Direi dunque che il faudra un peu ricercare precisamente il movimento di quella teorizzazione, e non dovrebbe essere difficile rintracciarla per esempio nella musica, visto che abbiamo un musicista..

Francesca | May 27, 2009 6:30 PM

Oh, be'. In inglese è molto diverso... ma chi diavolo può essere così cretino da fare una traduzione di OTTO PAGINE saltando delle parti?

Luca | May 27, 2009 7:05 PM

> Direi dunque che il faudra un peu ricercare precisamente il movimento di quella teorizzazione, e non dovrebbe essere difficile rintracciarla per esempio nella musica

"Mentre il lavoro necessario per affermare 'idee politiche' prevedeva una routine sempre più rigida, che rimandava a un domani imprecisato il miglioramento della qualità di vita, l’attività culturale proponeva un immediato confronto con l’innovazione, portando a contatto di un pubblico cresciuto nei bisogni e nelle aspettative produzioni che erano già rappresentative di un simbolico plusvalore cognitivo. Riuscire a portare in Italia una rassegna di film inglesi sulla subcultura rastafarian (od organizzare una rassegna di gruppi reggae) assunse un significato ben più ampio e strategico che dare vita a un dibattito politico su 'Giovani e musica'" (...)

"In effetti c’è un legame sostanziale tra la sensibile diminuzione di iscritti alle organizzazioni giovanili dei partiti e il boom delle associazioni culturali nei primi anni Ottanta"

(S. Cristante: Note per una sociologia dell'operatore culturale, in "Progettare gli eventi - introduzione all'operatore culturale" - Costa & Nolan 1999)

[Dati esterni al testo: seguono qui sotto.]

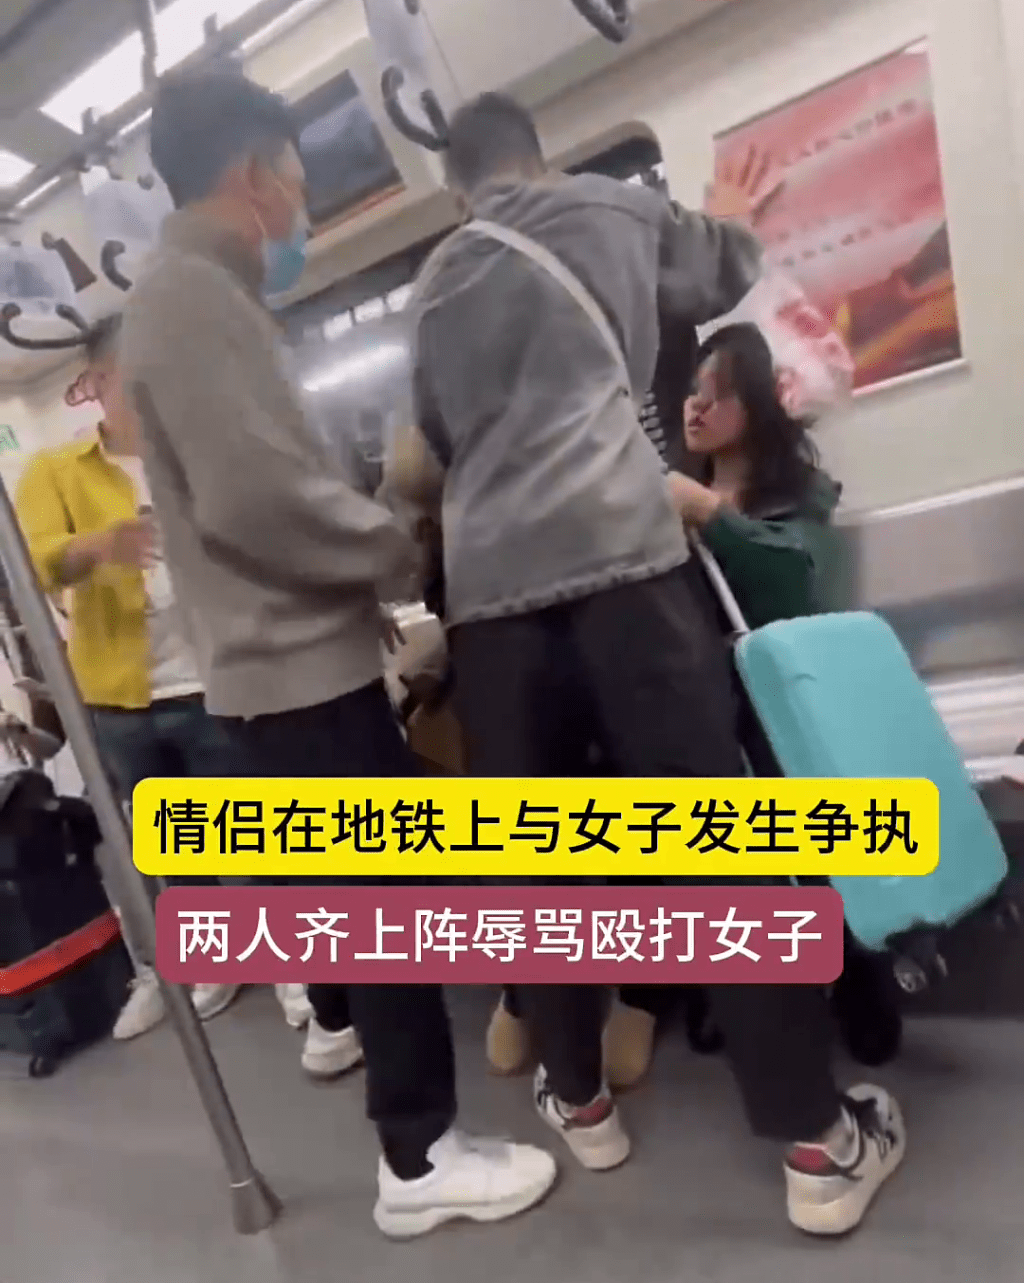 有男乘客用身体企图挡在双方的中间。

LucaV | August 4, 2009 5:20 PM

La cosa interessante è questa idea di "operatore culturale" che "progetta eventi" e che così facendo rende accessibile questo speciale prodotto: "rappresenta(zioni) di un simbolico plusvalore cognitivo".

Ho pensato di preparare nelle prossime settimane una mia idea di "programma" - come avevi suggerito tempo fa - che ci aiuti in questo lavoro. Mi è infatti difficile farlo con il blog, tanto più che ci sono probabilmente anche limiti tecnici per farlo. Per esempio ho messo un commento nel tuo ma, forse perché conteneva due o tre links, non è stato accettato. Tant mieux!! davvero niente di memorabile. Ma insomma, forse un 'programma' ci vuole e io proverò a suggerirne uno.

Allez, ciao.

Francesca | August 4, 2009 8:10 PM

Si, il tuo commento era stato bloccato per via dei link e io sono stato per qualche giorno fuori e non ho aperto il blog; ora l'ho inserito.